Date: Tue 23 Dec, 2025

Financial Performance (Q2 FY26 vs Q1 FY25): IndusInd General Insurance reported a moderated financial performance in Q2 FY26, with total revenue declining by 5.7% to ₹2,166 crore, compared to ₹2,296 crore in Q1 FY25. The dip suggests a slight contraction in top-line growth during the period. Profit After Tax (PAT) declined by 9.6% to ₹120.5 crore, compared to ₹133.36 crore in Q1 FY25. Consequently, Earnings Per Share (EPS) decreased by 10.3% to ₹4.51, from ₹5.03 in the previous period. The simultaneous decline in revenue and profitability points to potential pressures on premium collections or investment income, impacting the overall bottom line.


Operational Metrics (Q2 FY26): Operational performance highlights a substantial volume of business activities. The total number of policies issued during the current year stood at 49,70,736, indicating a very strong market presence. Claims activity was also significant, with 27,13,250 claims registered during the current year. Service efficiency metrics showed 1.16 policy-related complaints per 10,000 policies and 4.44 claim-related complaints per 10,000 claims. The grievance redressal mechanism appeared robust, with the majority of pending complaints (1,205) being less than 15 days old, reflecting a focus on timely resolution.
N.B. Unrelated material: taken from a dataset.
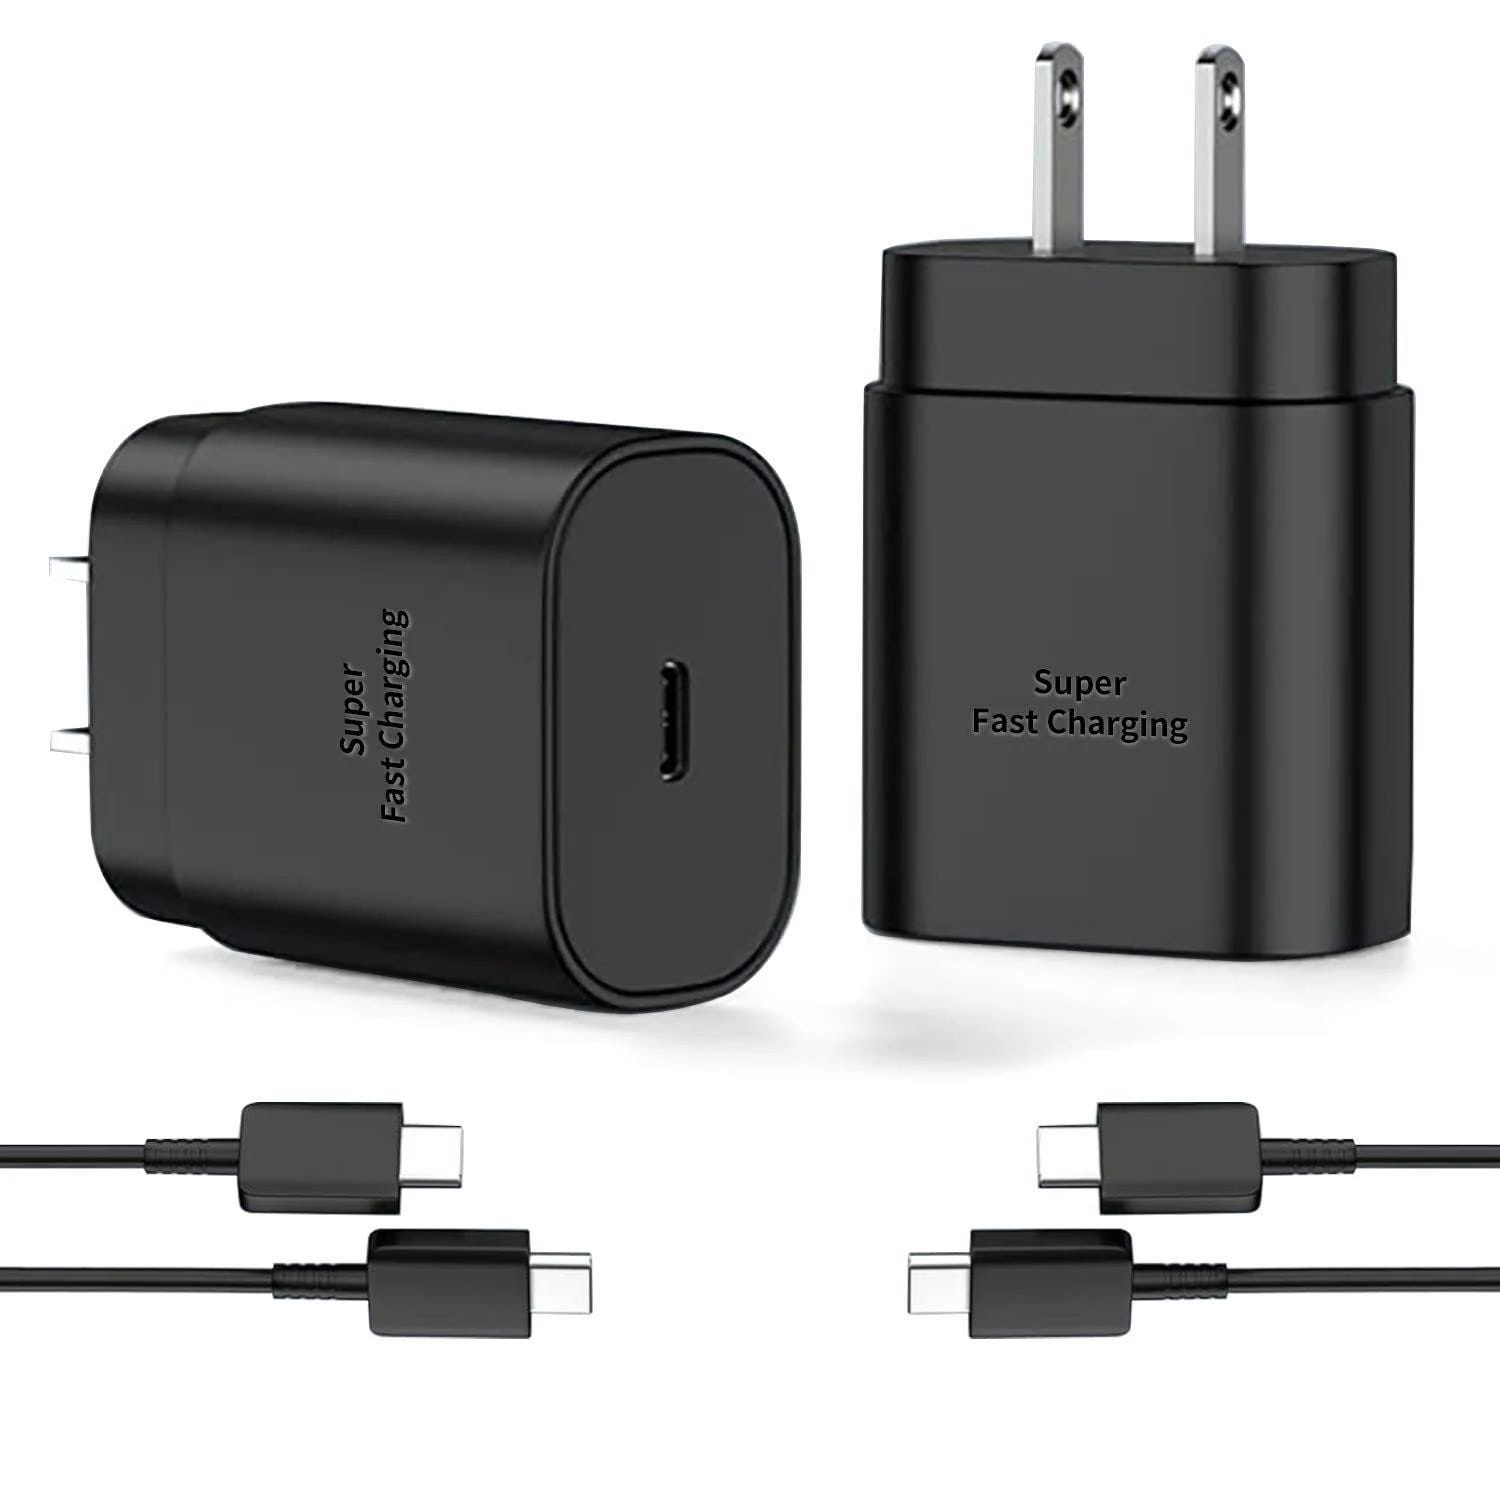 Super Fast Type C Charger 2 Pack (Samsung Galaxy S22) for Improved Charging Speed | Image
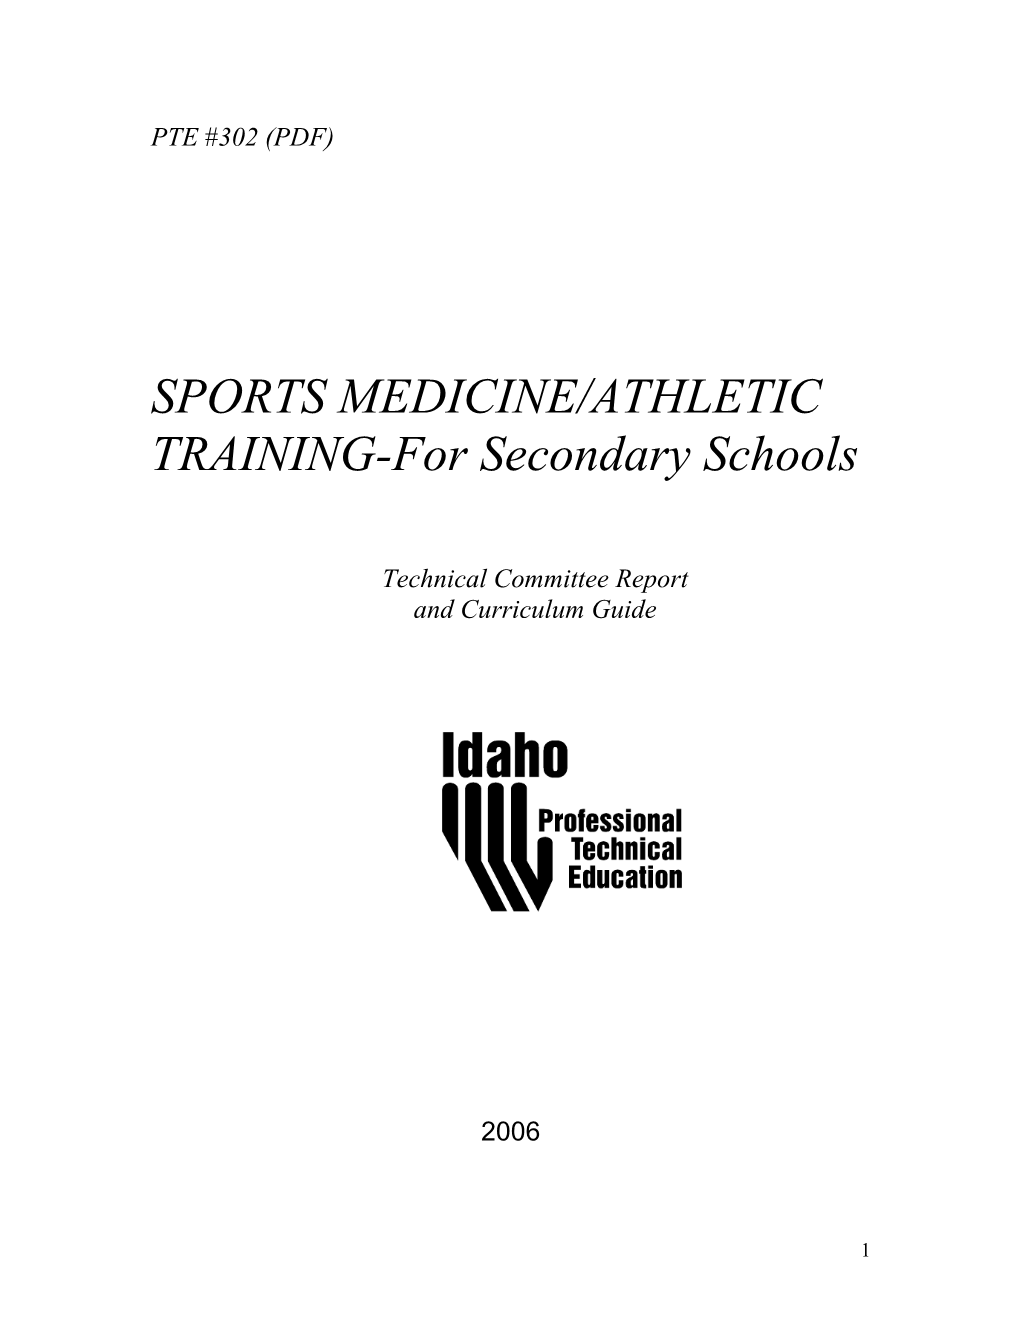 TRAINING-For Secondary Schools

Strategic Developments: The company is operating under a new identity, having transitioned from Reliance General Insurance Company Limited to IndusInd General Insurance Company Limited. This rebranding likely marks a significant strategic pivot, possibly aligning with broader group objectives or ownership changes. The high volume of policies and claims underscores the company's continued operational scale despite the financial dip. While specific capital allocation details for this quarter were not highlighted in the snippets, the operational data suggests a continued emphasis on maintaining service levels and managing a vast customer base amidst the corporate transition.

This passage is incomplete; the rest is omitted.